Shopping on "autopilot" allows consumers to enter a relaxed mental state known as "cognitive flow." The longer they are able to maintain this flow, the more agreeable they find the experience of shopping. This is why anything that disrupts their "flow" so annoys them.

Take one frequent cause of disruption: the rearrangement of displays. Let's imagine a shopper arriving on autopilot at the shelves where she’s always found milk. To her frustration, this has been moved to another part of the store. By interrupting her flow, the retailer compels her to engage her conscious mind. Research conducted by my laboratory has found that being obliged to stop and think causes some shoppers, especially those pressed for time, to head straight for the nearest exit.

Here are three frequently encountered flow disrupters:

  • Overly busy aisles: Retail anthropologist Paco Underhill has identified what he calls the "brush butt" factor: If a woman stooping to pick an item from a low shelf in a crowded aisle is accidently brushed by a passerby she almost always moves away immediately and may even leave the store. While it's obviously hard for retailers to do much about busy aisles, they can avoid other types of obstructions, such as stacks of produce waiting to be placed on the shelves.
  • Hard-to-read signage: Product information that's tricky to decipher, perhaps because the font is too small or poorly chosen, will always disrupt flow.
  • Delays at the point of purchase: Both in store and online, more customers abandon their shopping for this reason than probably any other.

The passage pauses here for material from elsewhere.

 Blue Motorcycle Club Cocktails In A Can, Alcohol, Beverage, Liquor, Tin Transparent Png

Ensuring that customers maintain their flow not only makes the shopping more pleasurable, it also provides important selling opportunities.

Hidden Persuaders

Every waking second around 11 million bits of information arrive in the brain via our senses. We can consciously attend to only 16 of them.

Far from playing no part in shaping purchasing decisions, however, this unconsciously processed information exerts a powerful influence as long as the customer remains in a state of flow. Here are four powerful hidden persuaders:

Background music has been shown to affect buying choices even when customers are unaware of what's played. In one study, wine buyers exposed to classical music purchased higher-priced vintages than those exposed to pop music. Yet when asked what music had been played, neither group was able to say.

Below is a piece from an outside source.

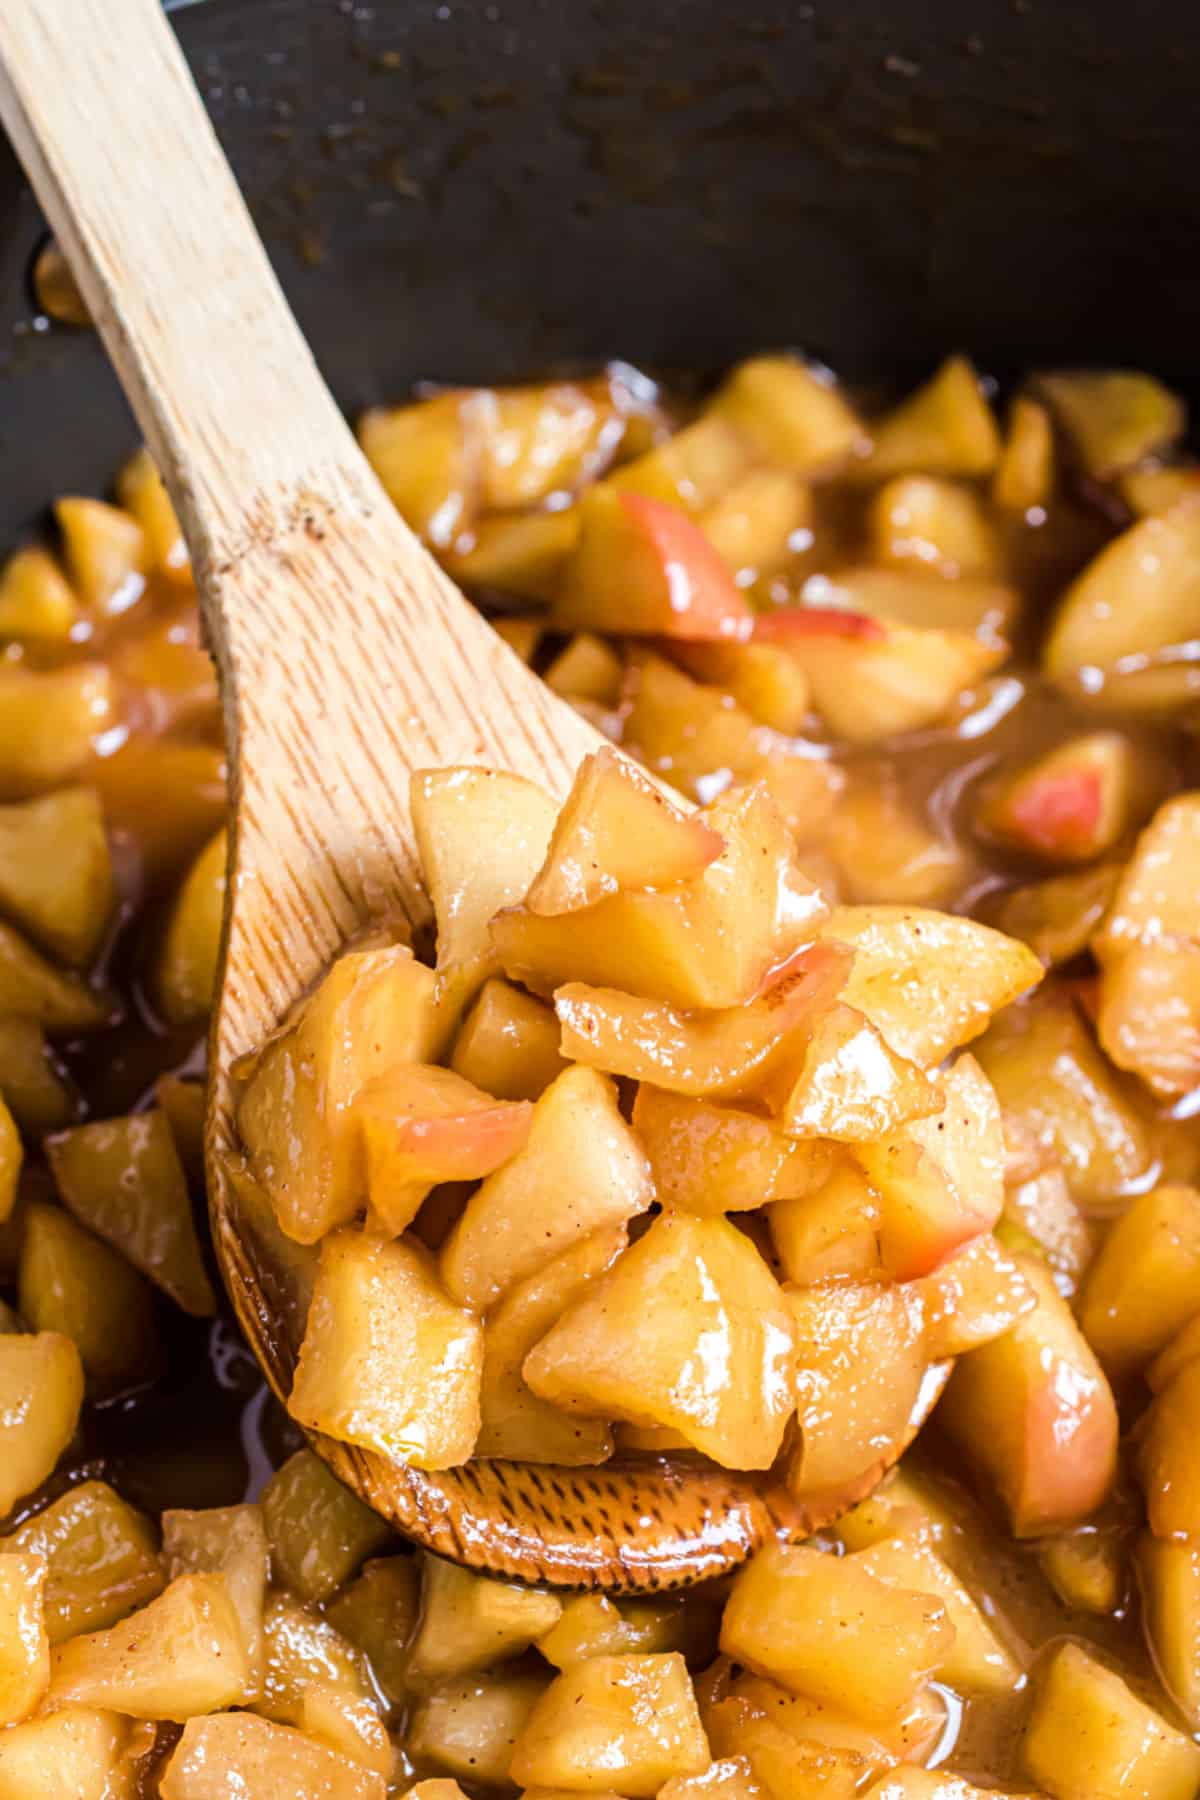 Cinnamon fried apples in skillet with wooden spoon.

Color also exerts an unconscious influence. When Joseph Bellizzi of Arizona State University and Robert Hite from Kansas State University compared sales in two stores, one predominantly red and the other blue, they found that in the blue environment, customers bought more produce, made buying decisions more rapidly and browsed longer. Yet hardly any of them commented on the color scheme.

Even a few molecules of aroma can trigger the brain to buy. At a Net Cost grocery store in New York, a variety of aromas has been used to stimulate sales. These include chocolate in the sweet snack aisle, grapefruit in the produce aisle and rosemary focaccia in the bread aisle. Since the system was installed, sales are reported to have risen by 7 percent.

Just as flow can be disrupted by hard-to-read fonts, attractive and easy-to-understand fonts, by contrast, can encourage customers to like a product better. In one study we asked two groups of shoppers to taste one of two bowls of tomato soup. Both were described on a menu using the same words. The only difference was the font used. One was printed in dull-looking Courier and the other in flowing Lucida Calligraphy. The soup described in the elegant font was not only much preferred, but also persuaded more shoppers to buy it. Both soups were, in fact, from the same can!

All of this serves to demonstrate how, by working with the flow, grocery retailers can boost sales, build loyalty and ensure customer satisfaction.